In the acknowledgements at the back of the book Fraser writes, “my preoccupation with western settlement began long ago, with my maternal grandmother telling me about her own labors on a Minnesota farm, where she baked bread before dawn to feed a multitude of brothers and sisters.”

On the subject of settlement, historians remind us that they were profoundly “unsettling for Native Americans.”

The oral tradition was a powerful force in Wilder’s life. A main reason she wrote was to retell and preserve the stories she heard as a child and young girl, even as she sanitized them.

Prairie Fires pays homage to pioneers like Laura Ingalls Wilder and her husband, Almanzo, who worked the land and were worked by it.

It also honors a couple of generations of pioneers who fled from the East and moved to the West where they built houses, raised children, and grew crops that often failed to reach the marketplace.

Fraser explores and records hardscrabble lives.

Prairie Fires is perhaps most intriguing as a study of the complex relationship between a mother and a daughter who were inextricably linked from the moment that Rose Wilder was born in 1886 until Laura Ingalls Wilder died in 1957. Even after the mother died they were connected through the books that were republished repeatedly.

Sometimes it seems that the umbilical cord was never severed.

Rose Wilder Lane played a major role in the creation of her mother’s fictions, though she was never officially recognized as co-author. Only the name Laura Ingalls Wilder appears on the covers. Rose Wilder Lane’s name ought to appear there. So Prairie Fires suggests.

On the question of who wrote what, and who provided the primary engine of creativity, Fraser walks a fine line. On the one hand, she insists that  “Wilder’s writing was . . . uniquely her own,” and in the next breath she adds that it was “a product of collaboration with her daughter.”

Prairie Fires does not adequately make clear where the books are a cooperative enterprise between the two women and where they are uniquely the products of Laura Ingalls Wilder’s own memory, imagination, and labor.

Perhaps it does not matter, though Rose Wilder Lane is a curious figure in her own right, and her role in the Little House series ought to be more precisely defined.

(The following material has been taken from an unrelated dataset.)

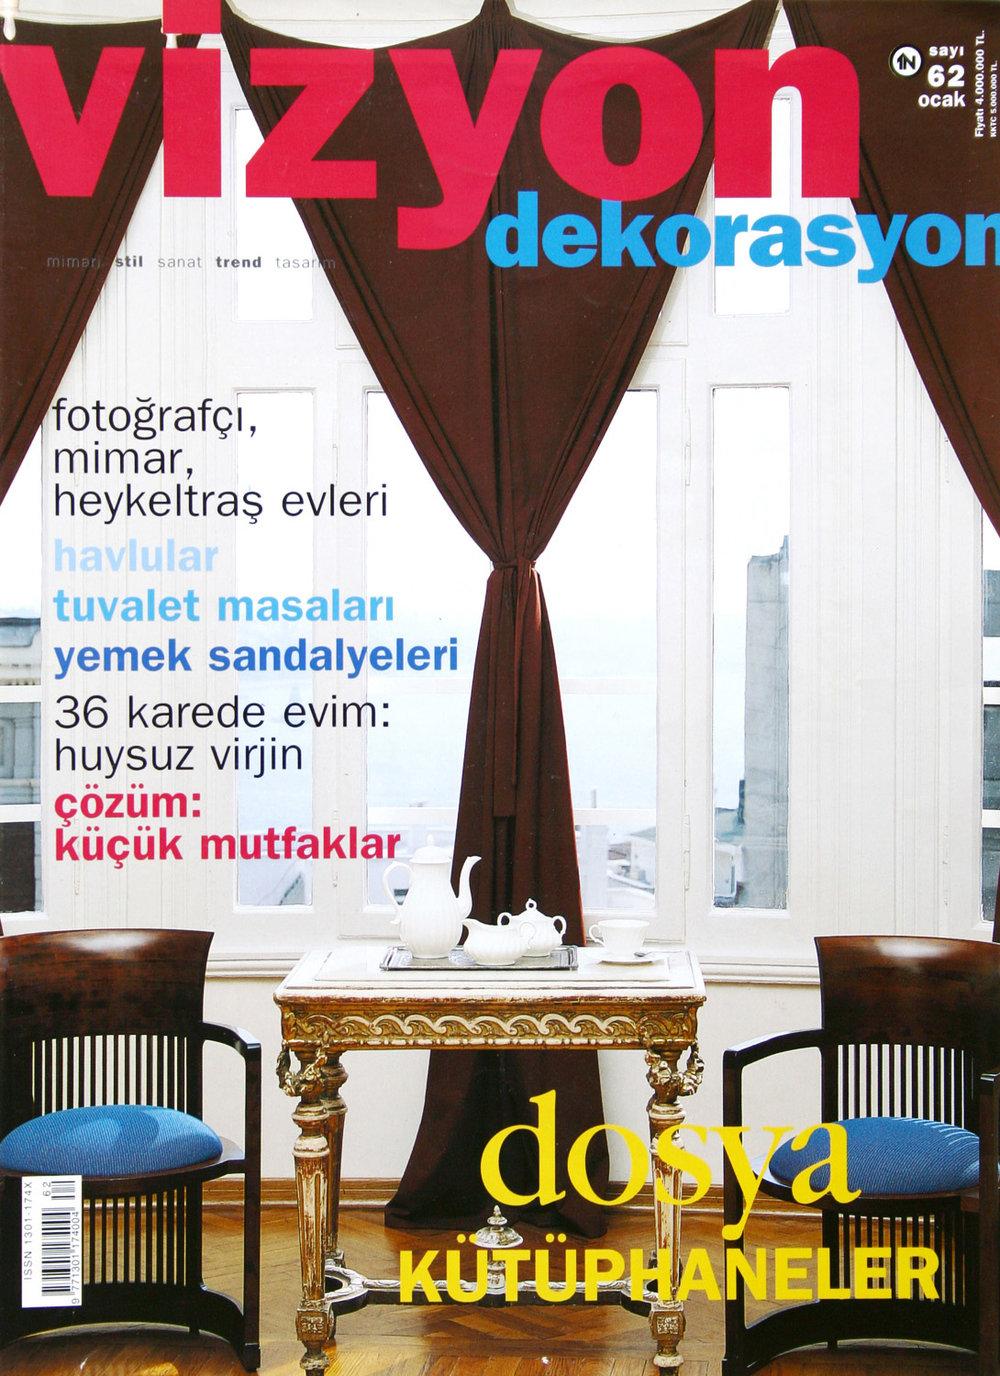 HulyaKolabas-NewYork_interior_Architecture_Photographer_001852.jpg

Fraser explains that Lane wrote biographies of Jack London, Charlie Chaplin, and Henry Ford in which she blended fact and fiction and muddied the historical record.

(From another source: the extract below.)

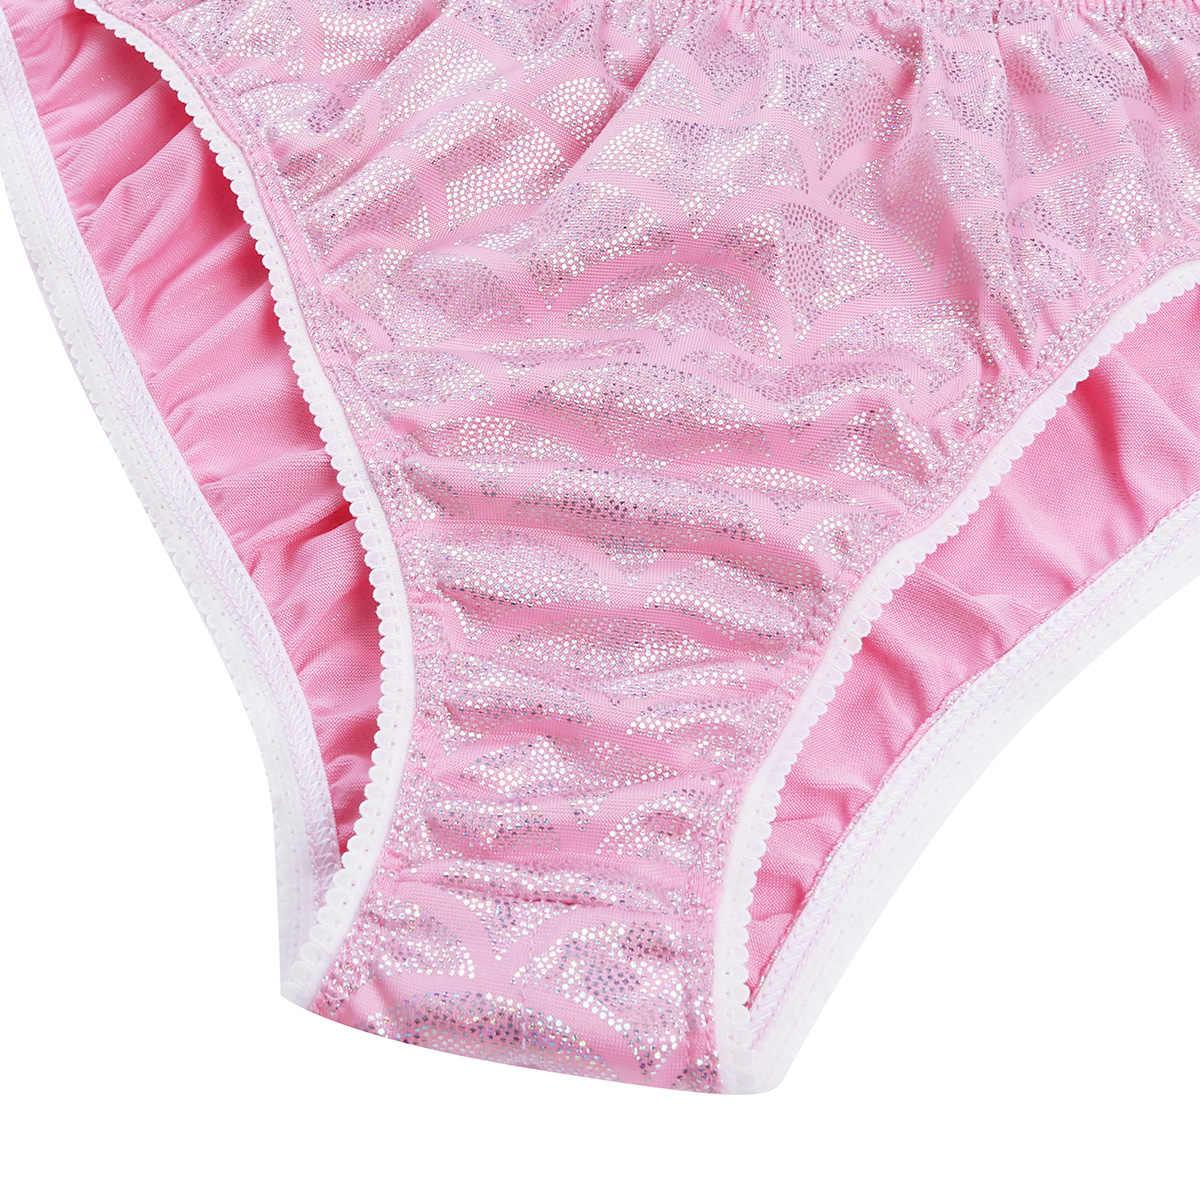 0ff8c6b9c47a ... Men Mermaid Scale Bikini Sissy Stretch Ruched Back Briefs Low Rise  Penis Pouch Underwear Bulge Thongs

Moreover, she points out that Lane invented stories about her mother’s life and times that are not to be trusted. The daughter made Native Americans more menacing than they were in realty and emphasized “Indian raids.”

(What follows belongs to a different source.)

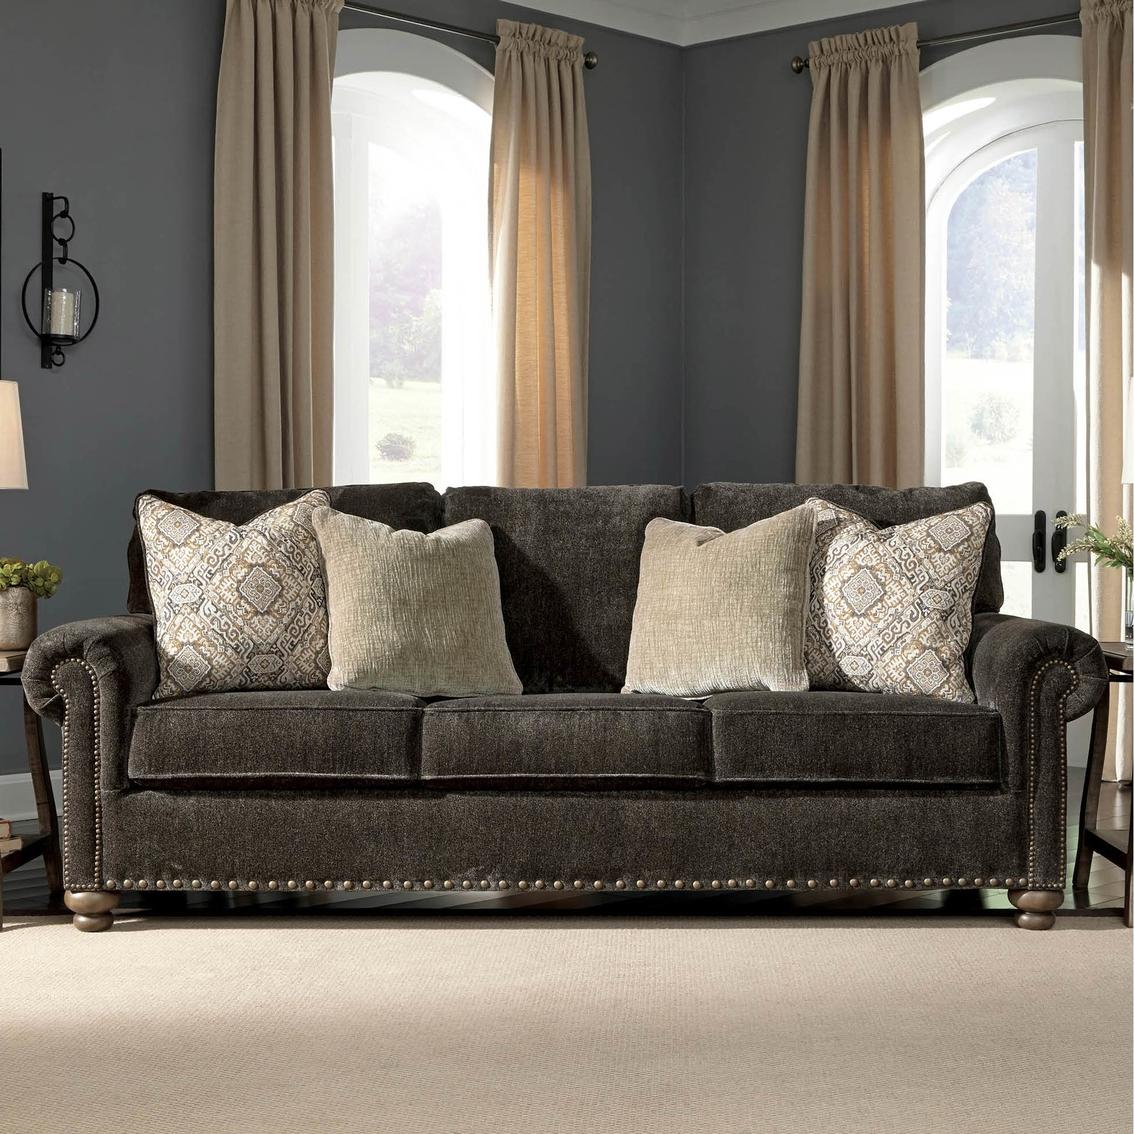 Signature Design By Ashley Stracelen Queen Sofa Sleeper Sofas

In the pages of Prairie Fires, Laura Ingalls Wilder— the author and public figure—appears to be, to a large extent, an invention of her own daughter, who was a mythmaker par excellence.

Lane also had keen ideas about how to market and promote the Little House series of books, a fascinating story that Fraser relates.

A bit more psychoanalysis might have been helpful to readers. After all, Lane read Freud and Jung and applied their ideas in her biography of Jack London. Indeed, Jungian archetypes are all over the Little House series.

Fans will find plenty of reason, in the pages of Prairie Fires, to go on idolizing Wilder. There’s also information that makes her less than appealing, as, for example, when she wrote of the small frontier towns, “I didn’t care for all these people. I loved the prairie and the wild things that lived on it much better.”

That love of the prairie comes across loud and clear in all Wilder’s books.

Fraser’s big biography could keep a reader entertained during a long cold month of Sundays. No one will read this book in a single sitting. It’s meant to be savored.

The many roadside attractions take readers into the political, economic and literary history of the United from about 1880, near the end of “the frontier,” to the 1950s and the nuclear era. One can learn about Teddy Roosevelt and Willa Cather, Louisa May Alcott, the Depression of 1873 and the Panic of 1893.

Fraser is too smart and too well informed to present a sanitized portrait of Wilder. She also recognizes that the Little House series occupies a pivotal place in popular American culture. “Whether you find the books an inspiration or a provocation,” she writes, “they’re a significant part of our history.”

In that regard, Wilder joins the company of Stowe, Steinbeck, Twain, and Henry James.